[Spambayes] Result of a test
Greg Ward
gward@python.net
Thu, 3 Oct 2002 17:13:51 -0400
On 03 October 2002, papaDoc said:
> Looking at the prob of each word I saw something
>
>
> prob('battery"') = 0.844828
> prob('battery,') = 0.844828
>
> prob('powernews,') = 0.77651
> prob('powernews.') = 0.77651
>
> prob('outlet,') = 0.844828
> prob('outlet.') = 0.844828
>
> prob('luncheon') = 0.844828
> prob('luncheon:') = 0.844828
> prob('luncheons') = 0.844828
>
>
> I think it can be interesting to try to remove the ponctuation (the . ,
> ? !) at the end of a word
> and then count it as the same word and do the same thing with the
> plurial (luncheon and luncheons) based
> on a dictionary like the one in ispell.

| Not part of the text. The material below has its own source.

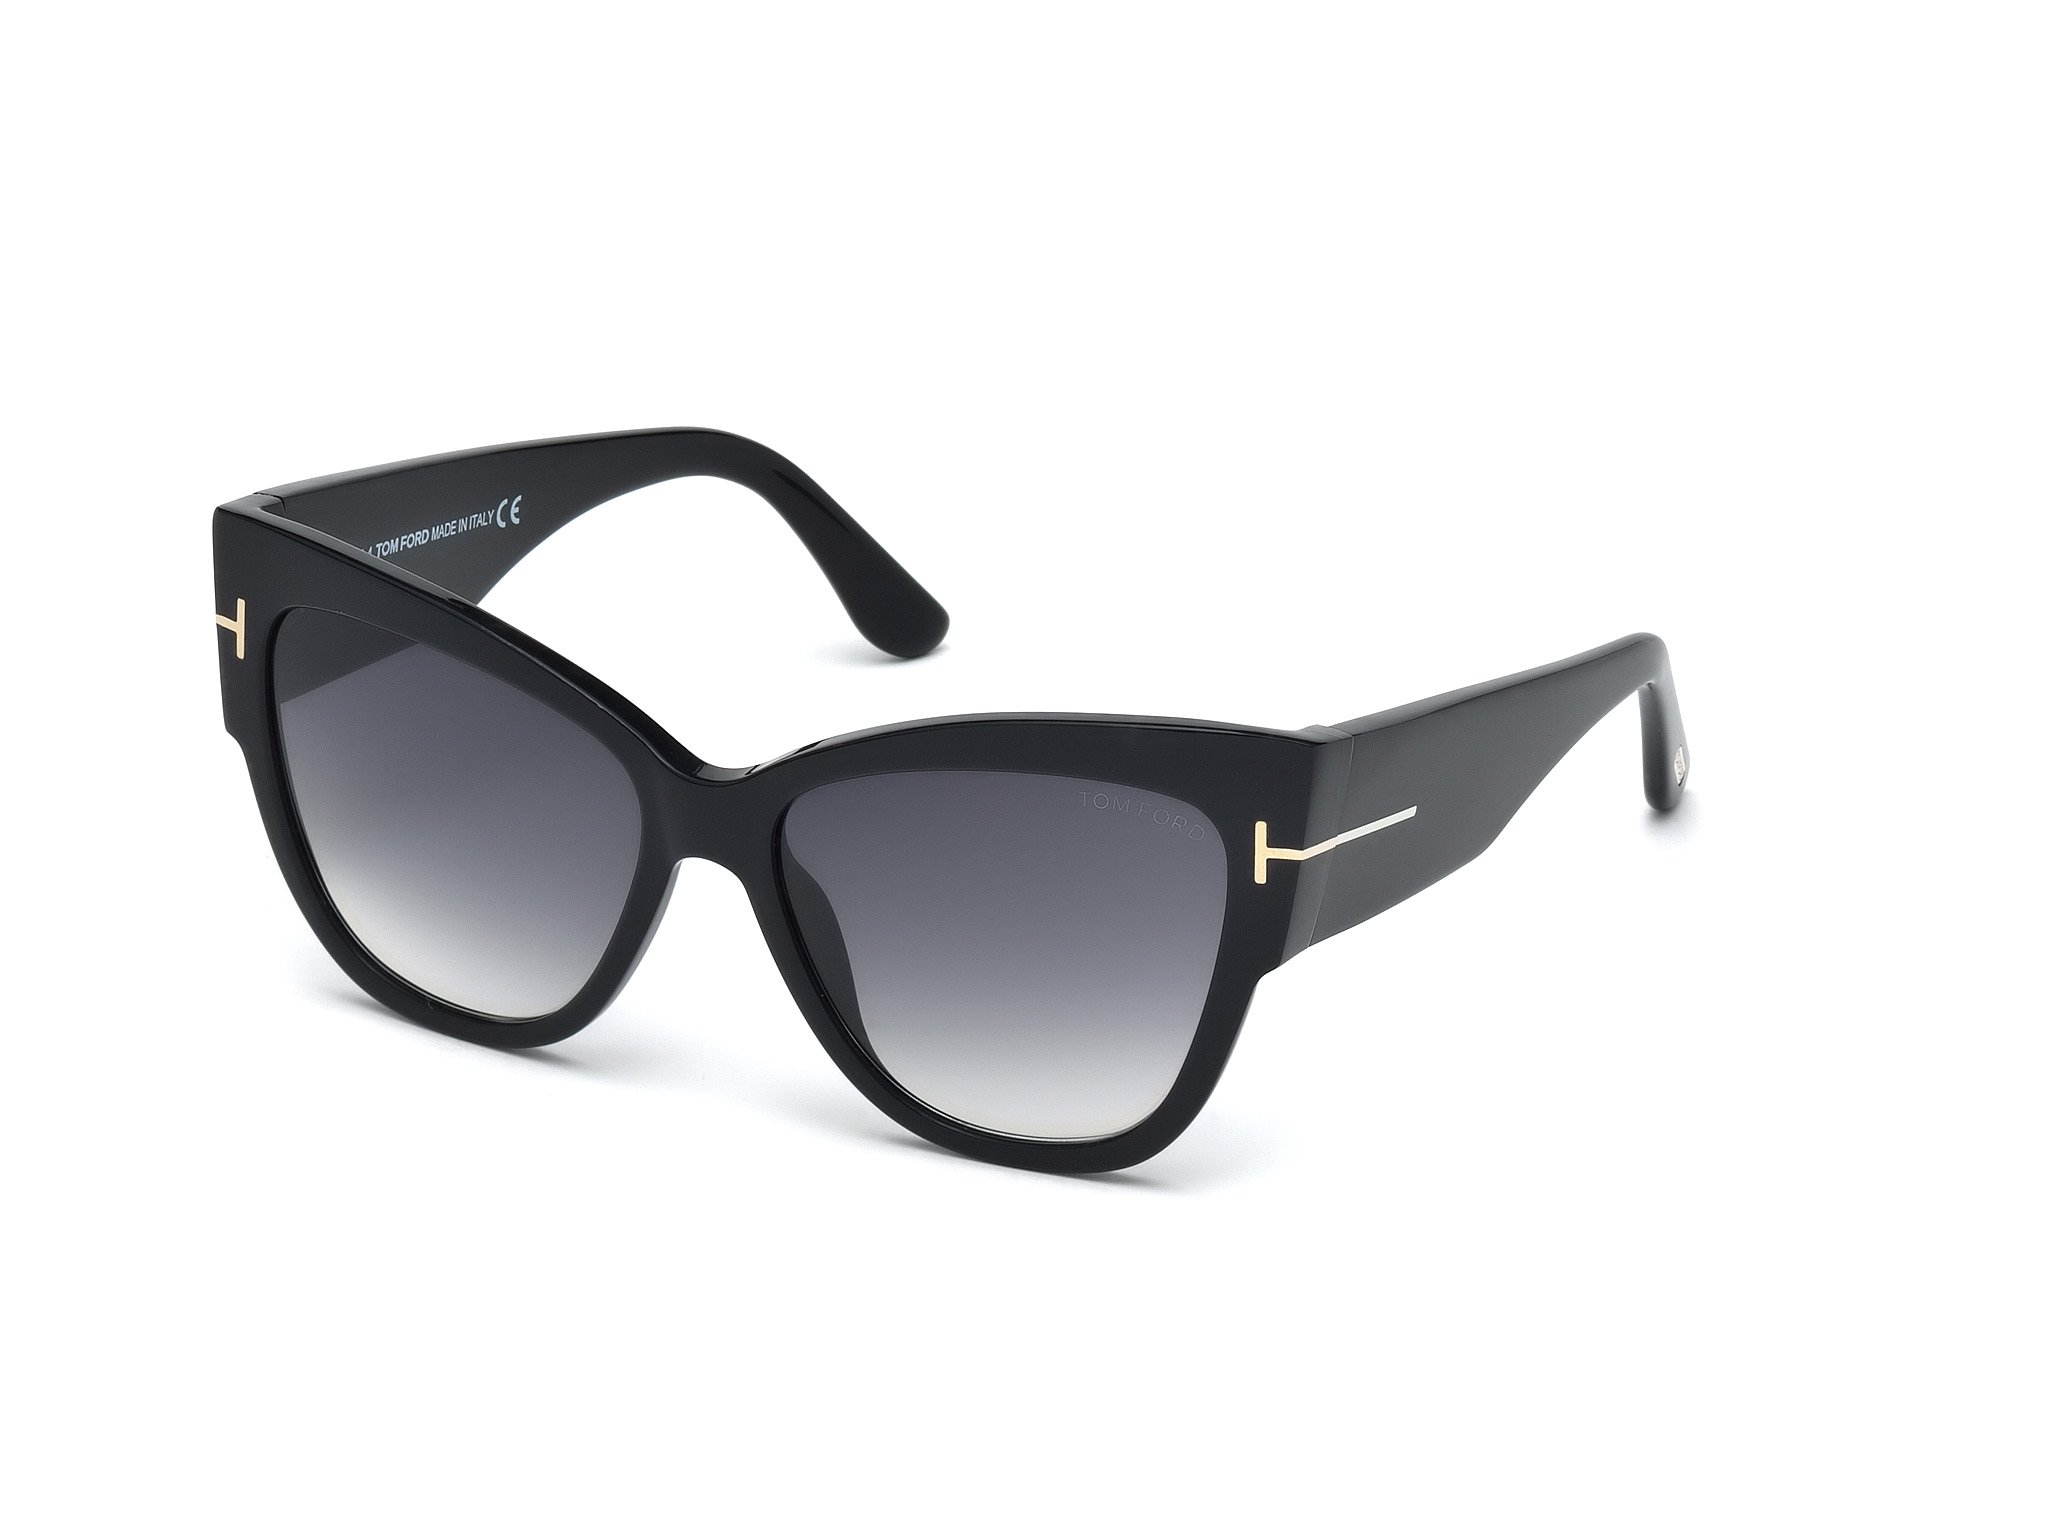 Das Bild zeigt die Sonnenbrille Anoushka FT0371 von der Marke Tom Ford in schwarz

Tim played with this very early in the project. Turned out that keeping
punctuation, preserving case, and not stemming, were all wins. A bit
counter-intuitive, but there you go. Experiment beats intuition every
time in this project.
Greg
--
Greg Ward <gward@python.net> http://www.gerg.ca/
All right, you degenerates! I want this place evacuated in 20 seconds!